The last rule above (about "slice-like" pointers) is the strangest one, so deserves some justification. I've included this rule because I believe that expressions like `if (cond) "string" else "longer string"` comes up in reasonable code fairly often (particularly as an argument to `std.Io.Writer.print`), and that it would be annoying for this to require a type annotation. I admit this seems like an odd, and fairly arbitrary, carve-out, so I'm open to discussion there, and it might be worth experimenting with just removing that rule too.

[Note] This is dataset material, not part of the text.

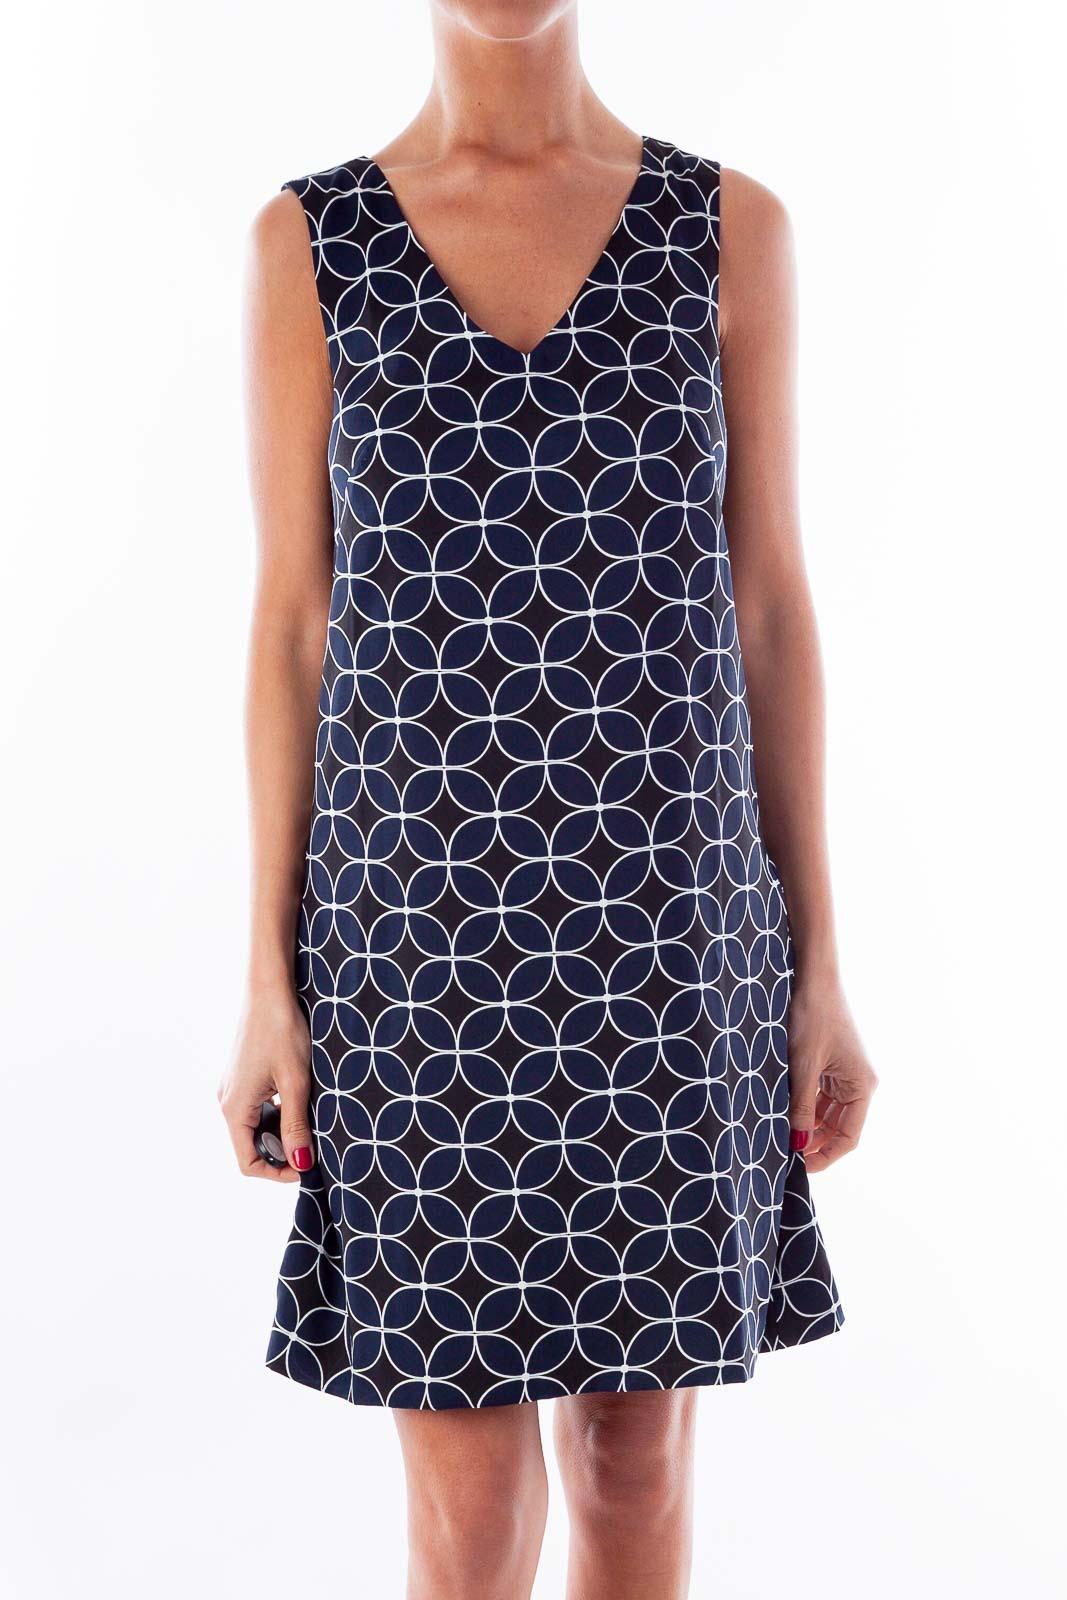 Navy & Black Circle Print Shift Dress

It's difficult to exhaustively list the differences between my definition and the current one, because the current PTR algorithm is very complex (its implemenation in the compiler is over 1000 lines!)---but here are some interesting examples of resolutions which are supported on master but would fail under this proposal:
* `T` + `?T` => `?T`
* `T` + `@TypeOf(null)` => `?T` (for non-nullable `T`)
* `error{A}` + `error{B}` => `error{ A, B }`
* More generally, `E1` + `E2` => `E1 || E2`
* `T` + `error{...}` => `error{...}!T` (for non-error `T`)
* `struct { A, B }` + `struct { C, D }` => `struct { PTR(A,C), PTR(B,D) }`
* `[n]A` + `@Vector(n, B)` => `@Vector(n, PTR(A,B))`
## Benefits
**TL;DR:** the behaviours being removed seem to not be used too often; lead to less readable code by discouraging type annotations; complicate the language specification and compiler implementation; and are a common source of behavior differences between runtime and comptime execution.
---
The set of rules I propose are designed so that the type returned by PTR is always "similar", in a sense, to *all* input types. For instance, if one input type is `u32`, then it is guaranteed that the result type will always be an integer or float type of some kind (rather than, for instance, an optional or error union). This can be a big improvement for code readability: when reading a variable binding `const x = ...`, it is usually critical for the reader to know the "type ID" of `x` (e.g. whether it is an optional), but perhaps a little less critical for them to know the exact type. On master, it is impossible to really determine the type ID of the result without reading *all* cases---for instance, a `null` literal in one `switch` prong could force the result to be an optional, regardless of what the other prongs are. The current behavior of PTR can also simply be too complex for a reader to correctly guess *even if* they know exactly what each peer type is.
This proposal also largely solves an issue I described in [#22182](https://github.com/ziglang/zig/issues/22182). Consider the following snippet:
```zig
fn f(b: bool, x: u32) u32 {
const opt = if (b) null else x;
if (opt) |x| return x;
return 0;
}
```
The important question here is: what type does `opt` have? If this function is called at runtime, then `b` is runtime-known, so the type of `opt` is determined by applying PTR to the types `@TypeOf(null)` and `@TypeOf(x)`, resulting in the type `?u32`. However, if `f` is called at compile time---or with `CallModifier.always_inline` with a comptime-known `b`---then `b` will be comptime-known, so the type of `opt` will not be determined through PTR. Instead, the type of `opt` will be either `@TypeOf(null)`, or `u32`. In the latter case, this will lead to a compile error on the next line, because the operand to `if` is required to be an optional, not a `u32`! This kind of deviation between comptime and runtime behavior makes code less reusable. In this case, the behavior difference could have been avoided by simply adding a type annotation to `opt`. Under this proposal, because PTR can only return an optional type if all input types are optional types, PTR would fail anyway, so the user would be *forced* to include a type annotation on `opt`, preventing the issue.
Lastly, a nice side benefit of this proposal is implementation simplicity---though not a good justification in and of itself, this does perhaps add a little more weight to the other arguments! For instance, the proposed rules avoid the need for the PTR algorithm to recurse in any case. On master, running PTR on `struct { A, B }` and `struct { C, D }` requires recursively invoking PTR on two pairs of types. To the best of my knowledge, this kind of PTR behavior is almost never used in real Zig code, and will not really be missed!